# Latest oil - untitled



## Darfion (Sep 16, 2006)




----------



## tempra (Sep 17, 2006)

Pretty cool Darren, I like the reflections in the water has a sort of autumnal / winter feel to it.

Wish I could paint, but I'm only any good with emulsion!


----------



## LaFoto (Sep 17, 2006)

Cool one (found your subtle hint to this in Tempras Iron Giants thread ) ... I can't do a thing other than push the shutter release button (assuming I can do that :roll: ) not even with coloured pencils! Hmph. 
But I think I would have liked that scene and taken a photo if I had come across it somehow somewhere .


----------



## Darfion (Sep 17, 2006)

LaFoto said:
			
		

> But I think I would have liked that scene and taken a photo if I had come across it somehow somewhere .

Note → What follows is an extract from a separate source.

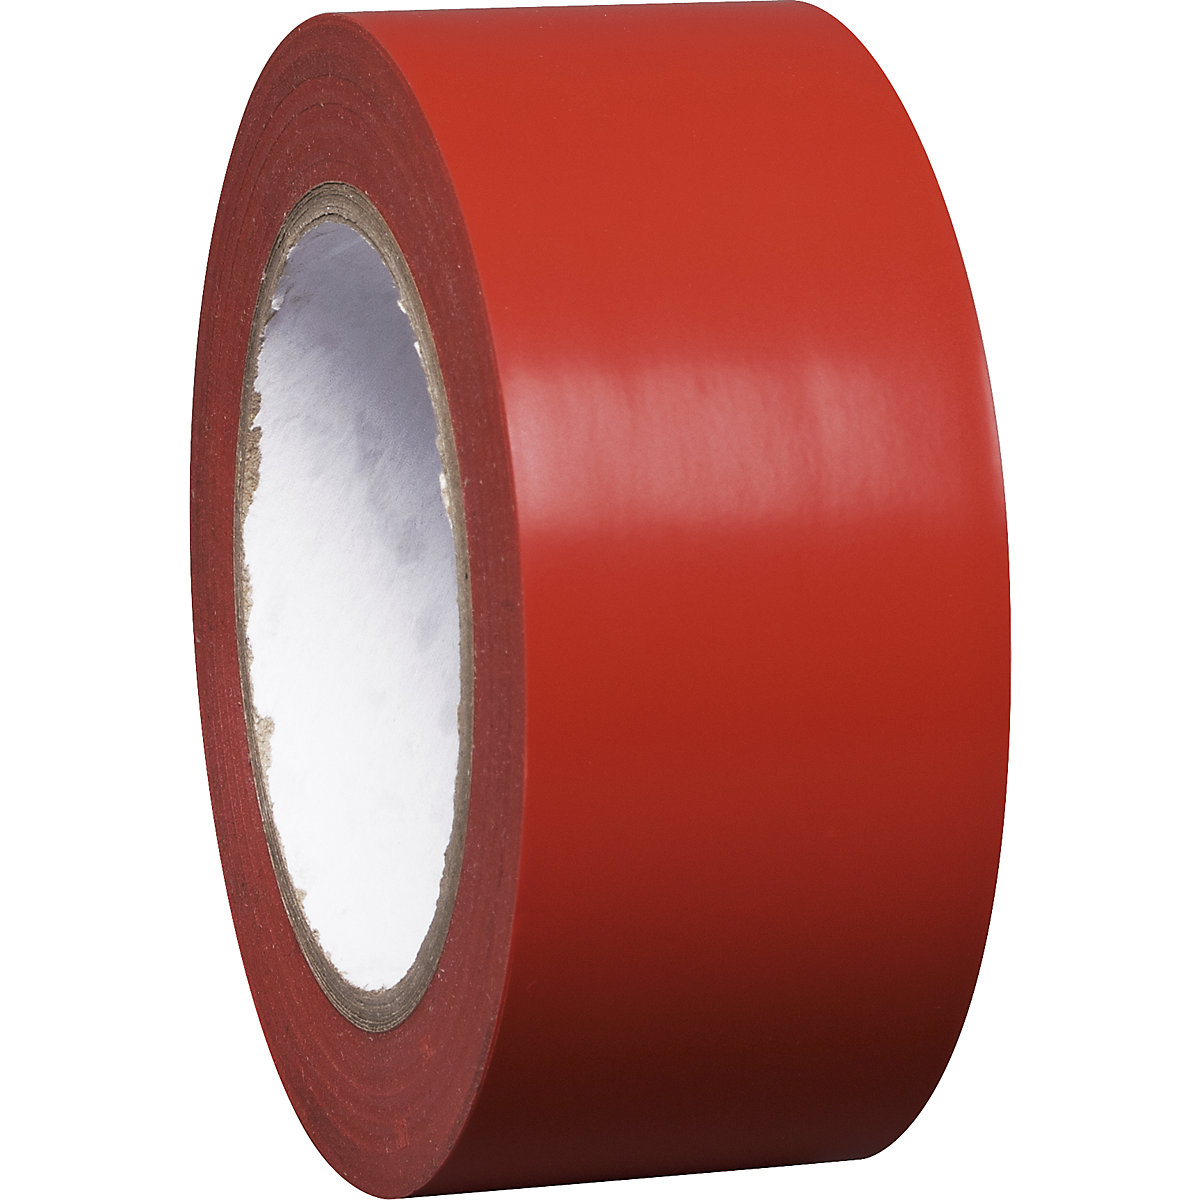 Bodenmarkierungsband aus Vinyl, einfarbig, Breite 50 mm, rot, VE 8 Rollen

Now that would be spooky as it's all in my mind.


----------



## LaFoto (Sep 17, 2006)

Then, indeed, it would be spooky :shock:  !!!


----------



## Rob (Sep 22, 2006)

Very cool Darren! I also can't paint, so it's doubly impressive!!

Rob


----------



## sthvtsh (Nov 22, 2006)

It's beautiful. =) Love the color of the water.


----------